First, though, I want to group by the first column year
for all my counts, so I’ll tweak the for loop again.
gss_list <- vector("list", ncol(gss)) # 1. output
for (i in 1:ncol(gss)) { # 2. sequence
gss_list[[i]] <- gss %>% # 3. body
group_by(year, gss[[i]]) %>% #adding the year column
summarize(n = n()) %>%
ungroup()
colnames(gss_list[[i]])[2] <- names(gss)[i] #here I rename the column to its orig name. Note: it's the second column now!
}
#printing the 8th item in the list for an example.
gss_list[[7]]
## # A tibble: 118 x 3
## year relig n
## <int> <fct> <int>
## 1 2000 No answer 3
## 2 2000 Don't know 1
## 3 2000 Inter-nondenominational 17
## 4 2000 Native american 4
## 5 2000 Christian 39
## 6 2000 Orthodox-christian 12
## 7 2000 Moslem/islam 12
## 8 2000 Other eastern 1
## 9 2000 Hinduism 8
## 10 2000 Buddhism 17
## # ... with 108 more rows
Okay, now on to plotting! This is also a chance to show off Julia Silge’s awesome reorder_within()

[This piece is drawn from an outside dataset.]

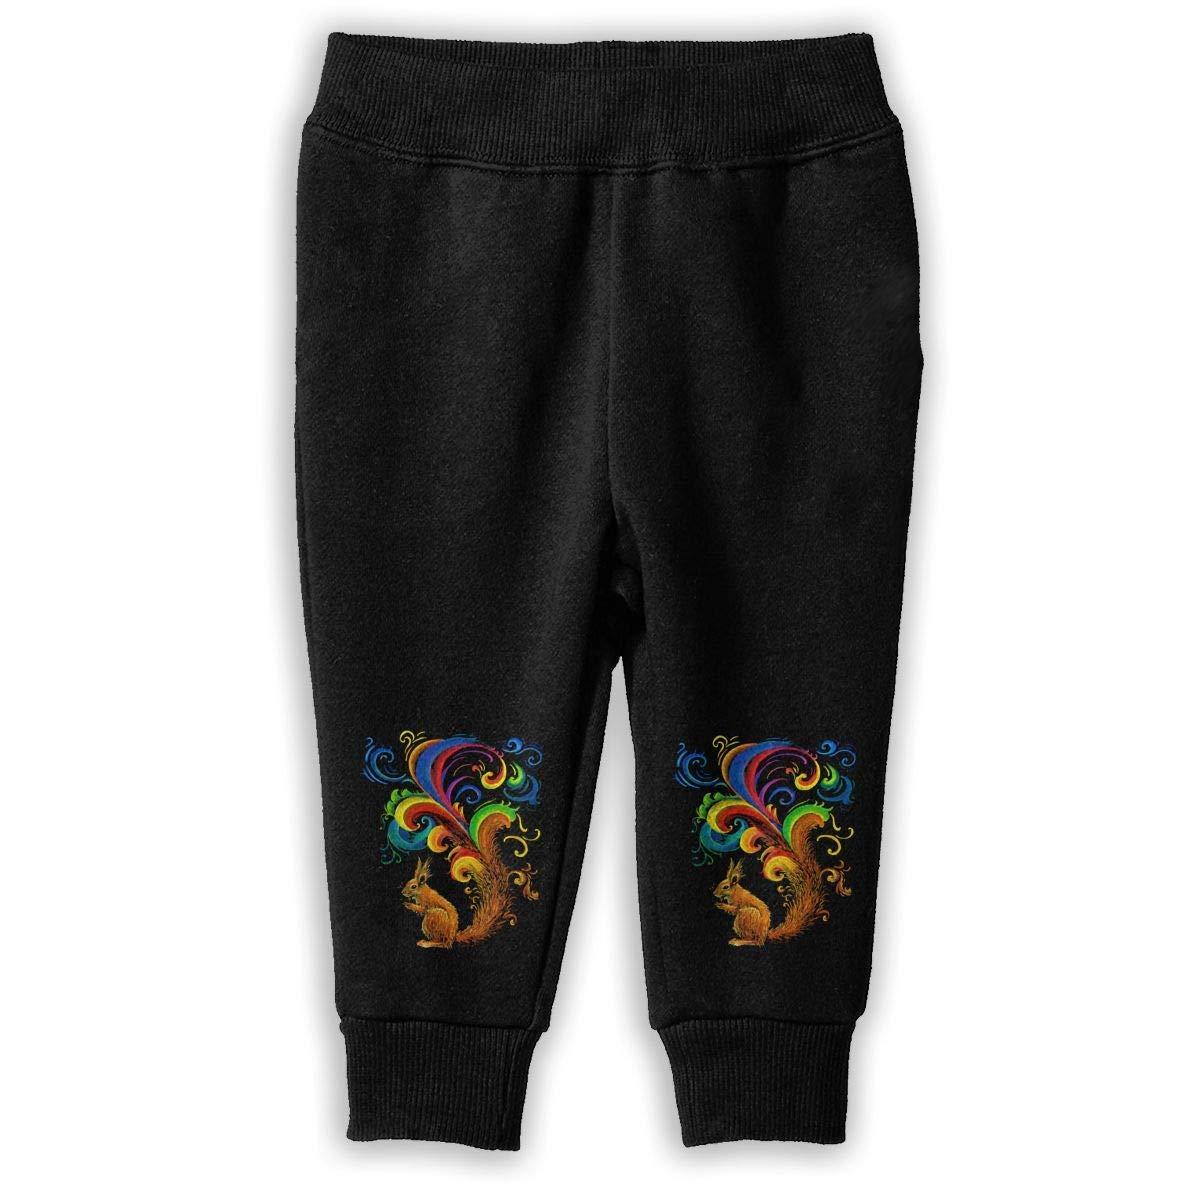 ShineFun Printed Psychedelic Squirrel Child Boys Girls Unisex Fashion Sweatpants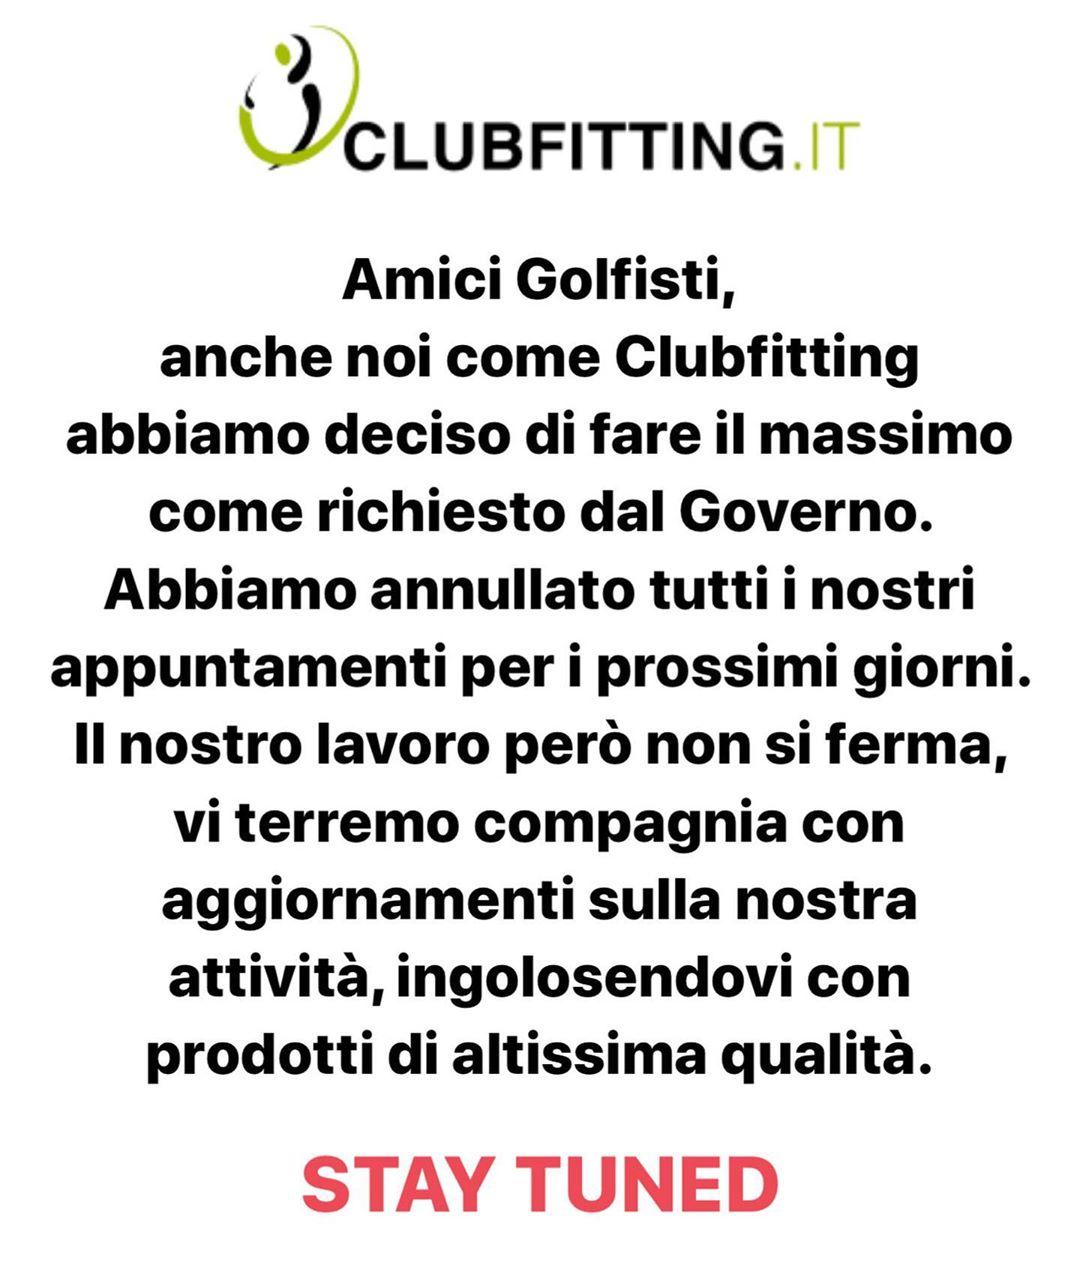 clubfitting

function that allows you to easily reorder factors within each facet using facet_wrap()
.
library(scales)
library(tidytext) #this has reorder_within() along with a lot of great functions for working with text.
theme_set(theme_minimal(base_size = 10) +
theme(plot.title = element_text(face = "bold"),
axis.text = element_text(size = 8))
)
gss_list[[7]] %>%
mutate(relig = reorder_within(relig, n, year)) %>% #use this inside of mutate
ggplot(aes(x = relig, y = n, fill = relig)) +
geom_col() +
coord_flip() +
facet_wrap(~year, scales = "free_y") +
scale_x_reordered() + #and this to scale it properly.
scale_fill_viridis_d(direction = -1) +
scale_y_log10(labels = comma_format()) +
theme(legend.position = "none") +
labs(
title = "Although the top five have remained steady,\nthere's been lots of movement in minority religions.",
subtitle = "Count of religious affiliation, 2000-2014.",
x = element_blank(),
y = element_blank(),
caption = "A sample of categorical variables from the General Social survey."
)
Another thing to note that David Robinson got me hooked on is scale_y_log10()
; without it in this particular plot, it would be difficult to see how the smaller minority religions have changed across time.